Override on OpenCodeGoProfile with mimo-v2.5-pro=131072.

Only mimo-v2.5-pro is capped — other opencode-go models (kimi, glm,
qwen, minimax, other mimo variants) unchanged.
---
 agent/transports/chat_completions.py             |  8 ++++++--
 plugins/model-providers/opencode-zen/__init__.py | 15 +++++++++++++++
 providers/base.py                                | 14 ++++++++++++++
 3 files changed, 35 insertions(+), 2 deletions(-)

diff --git a/agent/transports/chat_completions.py b/agent/transports/chat_completions.py
index 96997afca43..0582ef1ef00 100644
--- a/agent/transports/chat_completions.py
+++ b/agent/transports/chat_completions.py
@@ -476,13 +476,17 @@ class ChatCompletionsTransport(ProviderTransport):
         ephemeral = params.get("ephemeral_max_output_tokens")

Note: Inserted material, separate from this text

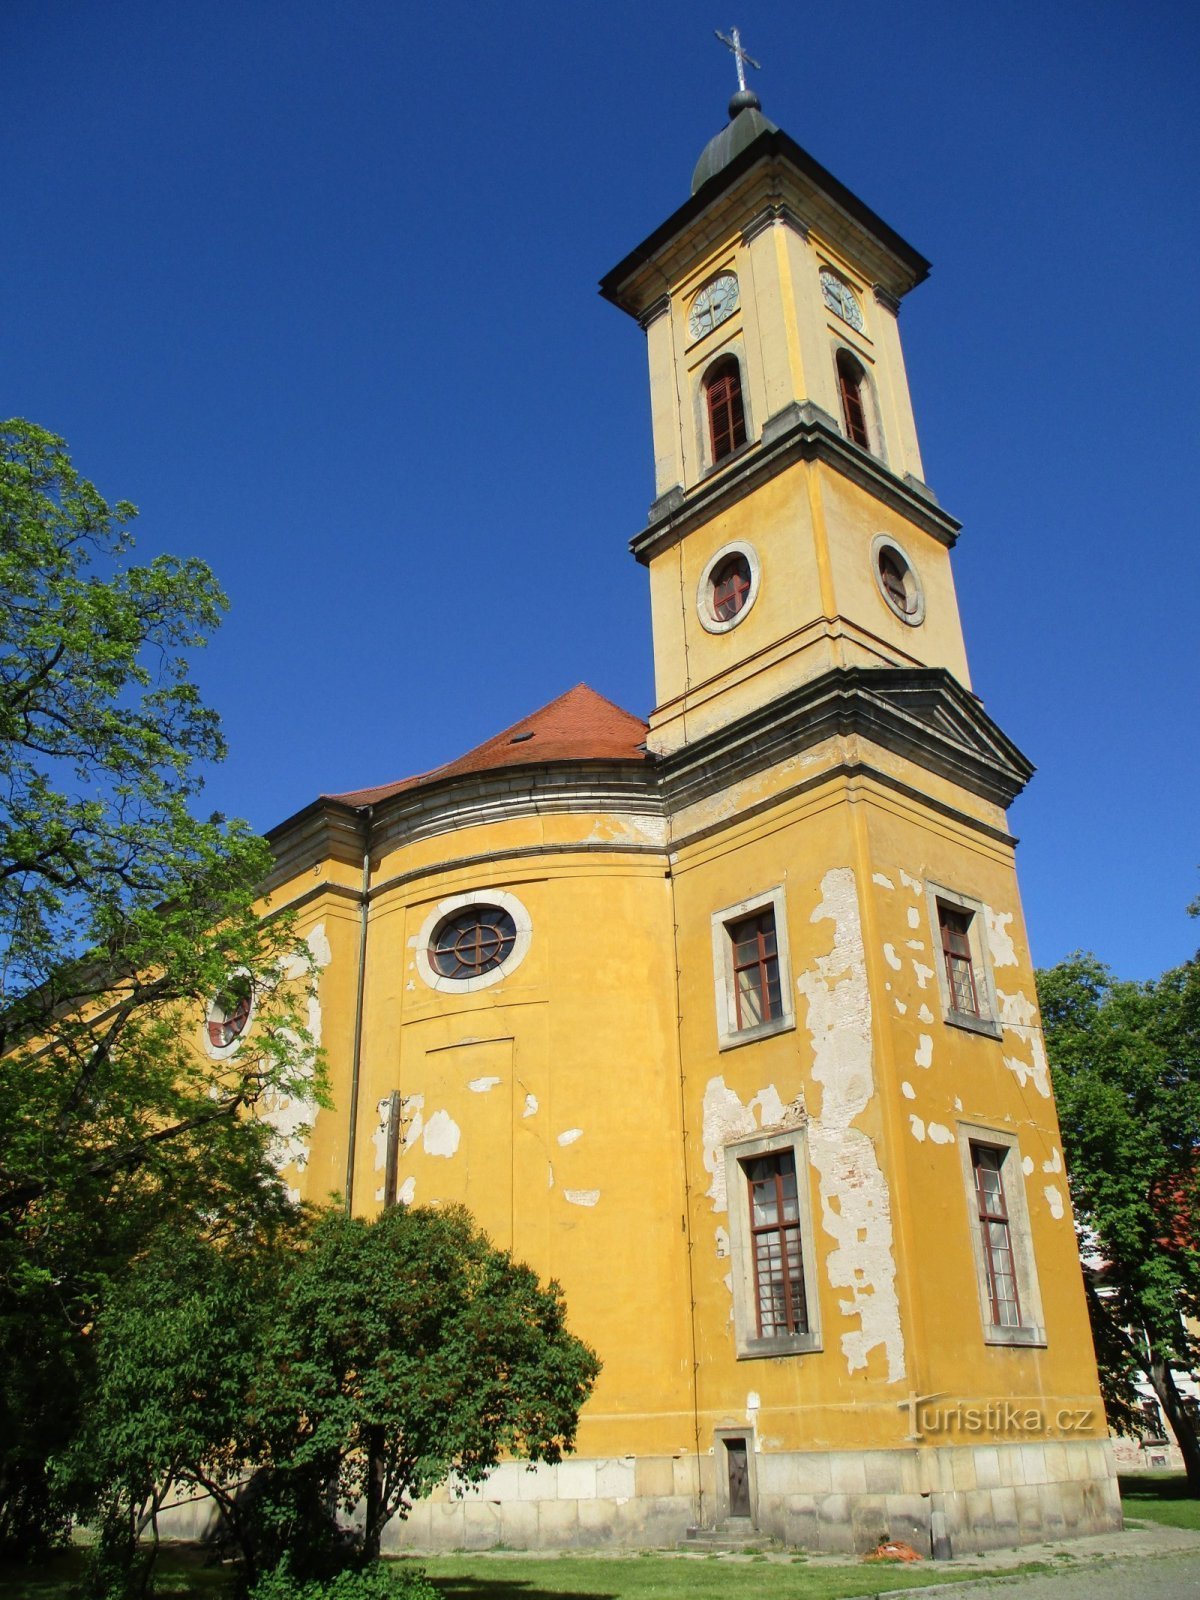 Nhà thờ Chúa Thăng thiên (Josefov, ngày 1.6.2020 tháng XNUMX năm XNUMX)
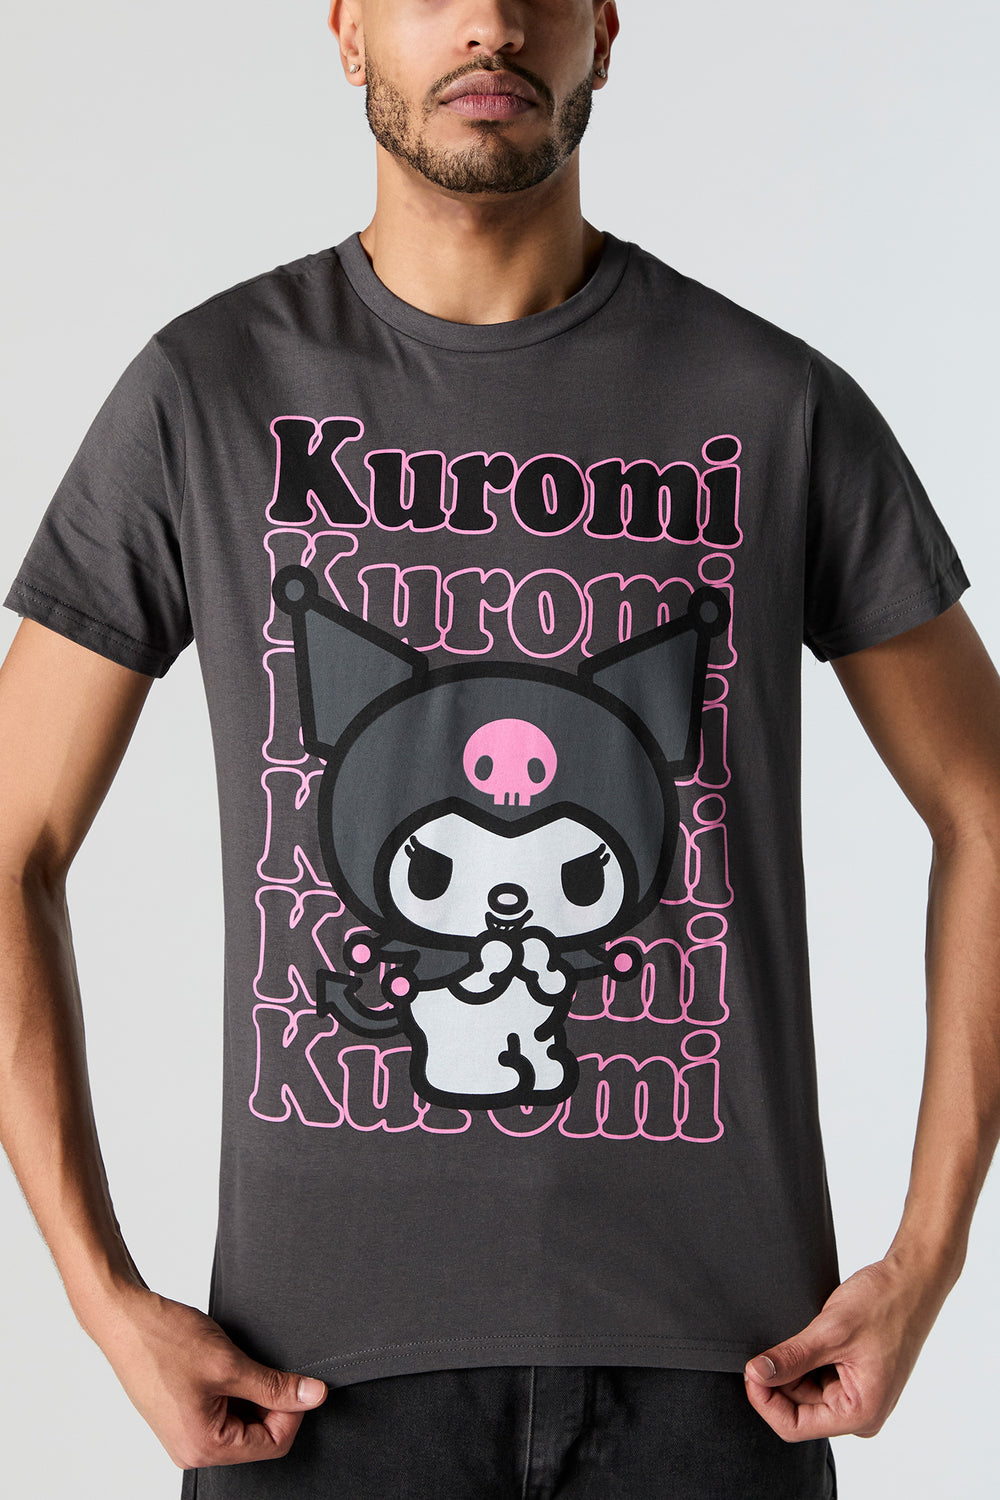 Kuromi Graphic T-Shirt Kuromi Graphic T-Shirt 1

         user_max = params.get("max_tokens")
         anthropic_max = params.get("anthropic_max_output")
+        # Per-model default cap — profiles override get_max_tokens() when
+        # they front several backends with different completion-token limits
+        # (e.g. opencode-go: mimo-v2.5-pro = 131072).
+        profile_max = profile.get_max_tokens(model)
 
         if ephemeral is not None and max_tokens_fn:
             api_kwargs.update(max_tokens_fn(ephemeral))
         elif user_max is not None and max_tokens_fn:
             api_kwargs.update(max_tokens_fn(user_max))
-        elif profile.default_max_tokens and max_tokens_fn:
-            api_kwargs.update(max_tokens_fn(profile.default_max_tokens))
+        elif profile_max and max_tokens_fn:
+            api_kwargs.update(max_tokens_fn(profile_max))
         elif anthropic_max is not None:
             api_kwargs["max_tokens"] = anthropic_max
 
diff --git a/plugins/model-providers/opencode-zen/__init__.py b/plugins/model-providers/opencode-zen/__init__.py
index 385741f09a1..a8c72cdc25c 100644
--- a/plugins/model-providers/opencode-zen/__init__.py
+++ b/plugins/model-providers/opencode-zen/__init__.py
@@ -34,6 +34,21 @@ def _is_deepseek_thinking_model(model: str | None) -> bool:
 class OpenCodeGoProfile(ProviderProfile):
     """OpenCode Go - model-specific reasoning controls."""
 
+    # Per-model completion-token cap. The opencode-go relay's default is
+    # too large for mimo-v2.5-pro — it sends max_tokens=262144 but Xiaomi
+    # only supports 131072 completion tokens and 400s the request.
+    # Setting an explicit cap here prevents the relay default from being
+    # applied. Keys are normalized via _flat_model_name().
+    _MODEL_MAX_TOKENS: dict[str, int] = {
+        "mimo-v2.5-pro": 131072,
+    }
+
+    def get_max_tokens(self, model: str | None) -> int | None:
+        cap = self._MODEL_MAX_TOKENS.get(_flat_model_name(model))
+        if cap is not None:
+            return cap
+        return self.default_max_tokens
+
     def build_api_kwargs_extras(
         self, *, reasoning_config: dict | None = None, model: str | None = None, **context
     ) -> tuple[dict[str, Any], dict[str, Any]]:
diff --git a/providers/base.py b/providers/base.py
index fa6765d103c..01023ff55c2 100644
--- a/providers/base.py
+++ b/providers/base.py
@@ -129,6 +129,20 @@ class ProviderProfile:
         """
         return {}, {}
 
+    def get_max_tokens(self, model: str | None) -> int | None:
+        """Return the default max_tokens cap for *model*.
+
+        Overrideable hook for providers that need per-model output caps —
+        e.g. a relay that fronts several upstream backends, each with a
+        different completion-token limit. The transport calls this when
+        the user hasn't set an explicit max_tokens.
+
+        Default: return self.default_max_tokens (the static profile field),
+        ignoring the model name. Override in a subclass to vary the cap
+        per-model.
+        """
+        return self.default_max_tokens
+
     def fetch_models(
         self,
         *,